India maintained that its measures conformed to Article 10.4 of the OIE Terrestrial Animal Health Code, and that compliance with the relevant provisions of the SPS Agreement and the General Agreement on Tariffs and Trade must, therefore, be presumed. India argued that it was not required to provide scientific evidence to the panel, including risk assessments and articulation of relevant scientific principles. India nonetheless did provide some scientific evidence to the panel, in large part based on AI cases in Australia, but the panel, agreeing with arguments brought by the US, was not of the opinion that the evidence presented was specific to India’s situation, nor that such evidence qualified as relevant risk assessments. Accordingly, the panel determined that India’s measures were not based on, and did not conform to, the relevant international standard (i.e., the OIE Terrestrial Animal Health Code). Moreover, the panel concluded that India’s measures were inconsistent with the other relevant articles of the SPS Agreement. In particular, it found India’s measures were not based on scientific principles, including risk assessments, and were thus in violation of Articles 2.2, 5.1 and 5.2 of SPS Agreement. The panel also found that India’s measures arbitrarily and unjustifiably discriminated against other WTO Members, contrary to its obligations in Article 2.3 of the SPS Agreement. Lastly, the panel rejected India’s argument that the regionalisation obligations contained in the first two paragraphs of Article 6 of the SPS Agreement are dependent on an exporting member requesting inspection under the article’s third paragraph.
On appeal, the Appellate Body agreed with the finding of the panel that, because India’s measures were not based on a risk assessment, and were thus inconsistent with Articles 5.1 and 5.2 of the SPS Agreement, a presumption was raised that those measures were also inconsistent with Article 2.2 of the SPS Agreement. However, the Appellate Body found that the panel had erred in its application of Article 2.2 of the SPS Agreement by not adequately considering whether such presumption had been rebutted by the arguments and the evidence that India provided, and reversed the panel’s finding that India’s measures were inconsistent with Article 2.2 of the SPS Agreement, at least with respect to poultry meat and eggs. However, the Appellate Body was unable to complete the analysis. With respect to the other matters under review, the Appellate Body in large part upheld the findings and conclusions of the panel, and recommended that the WTO Dispute Settlement Body (hereinafter, DSB) request India to bring its measures into conformity with WTO rules. In particular, the Appellate Body upheld that panel’s findings and conclusions concerning regionalisation, reiterating that adherence to Article 6 of the SPS Agreement is a unilateral obligation for WTO Members.
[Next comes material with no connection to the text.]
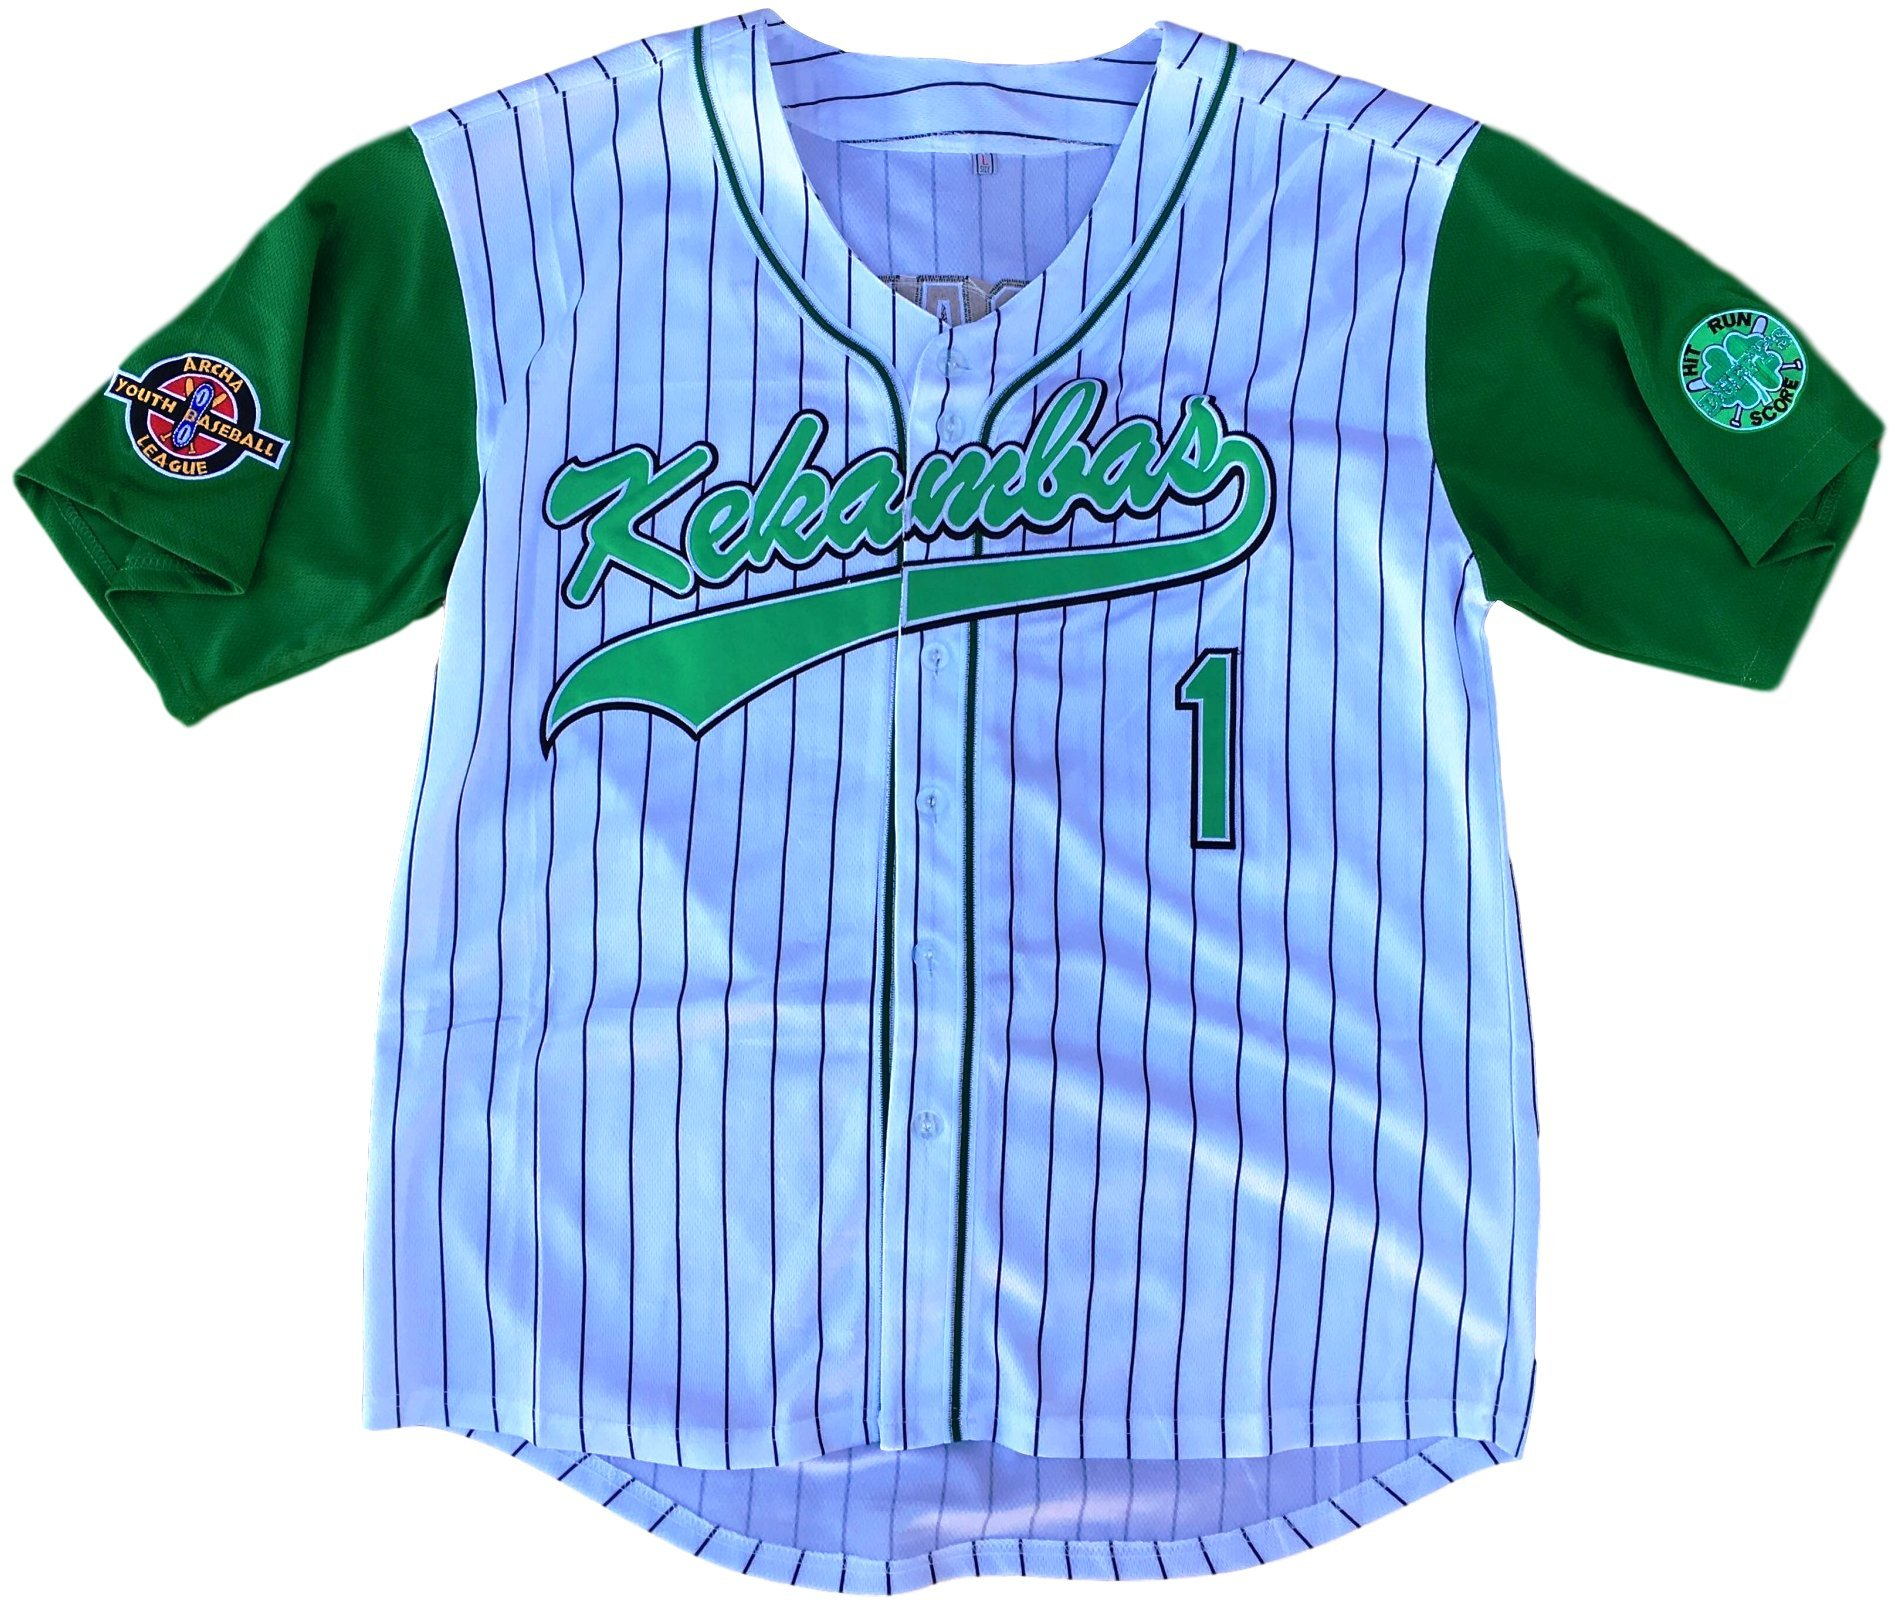 MVG ATHLETICS G-Baby Hardball Kekambas Movie Baseball Jersey #1 Embroidered S-XXL (Large) by MVG ATHLETICS

The general outcome of this dispute was not surprising. India’s measures prohibiting certain agricultural products from being imported from countries that had reported HPAI and LPAI were found not to conform to international standards. Although India’s main argument focused on its conformity to the OIE Terrestrial Animal Health Code, the SPS Agreement actually allows WTO Members to implement SPS measures that are stricter than the relevant international standard if there is a scientific justification or if said measure is implemented as a consequence of the level of protection that a Member deems to be appropriate. Article 5 of the SPS Agreement expands on the appropriate level of protection concept, including the obligation to perform a risk assessment and to ensure that a measure is not “more trade-restrictive than required to achieve their appropriate level of protection”. In addition, it allows Members to exercise precaution and provisionally adopt SPS measures based on available pertinent information, where relevant scientific evidence is insufficient.
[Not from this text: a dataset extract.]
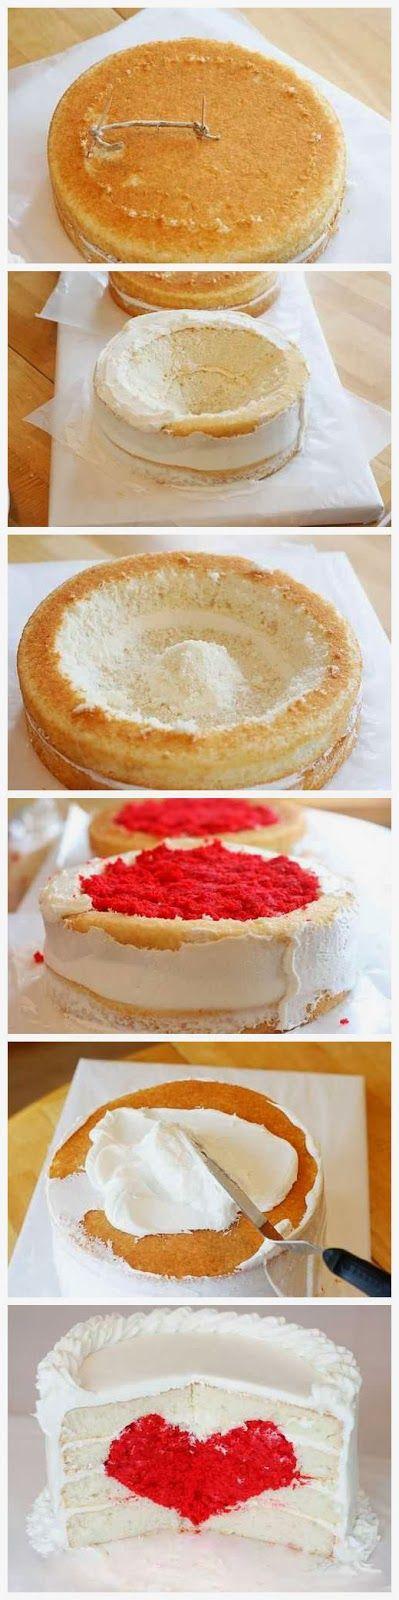 Heart Cake Tutorial - Latest Food

Accordingly, there are various approaches countries may implement to protect their legitimate human, animal and plant health interests while avoiding unnecessary and potentially discriminatory trade restrictions. As discussed above, the SPS Agreement itself provides an example in the proper application of the concept of regionalisation. In this context, India’s appropriate level of SPS protection could have arguably been reached through measures allowing imports from areas (i.e., compartments) recognised as HPAI and LPAI free, or in areas where proper eradication and control procedures took place pursuant to the OIE standards (e.g., destruction of infected animals, disinfection of relevant facilities, and the imposition appropriate waiting periods). Trading partners, such as India and the US here, may also agree to certain measures, especially when supported by the private sector. For example, officials may agree on improved surveillance procedures, heightened bordered testing requirements, either on arrival or during agreed-upon pre-shipment inspections (i.e., preclearance), additional quarantine requirements, or even the recognition of pre-approved, or established, production and distribution facilities. Governments and stakeholders should continually consider the options provided by the SPS Agreement. The agreement provides space within which parties may consult, so as to find a proper balance between the protection of legitimate SPS concerns and the need to ensure minimisation of trade-restrictive measures.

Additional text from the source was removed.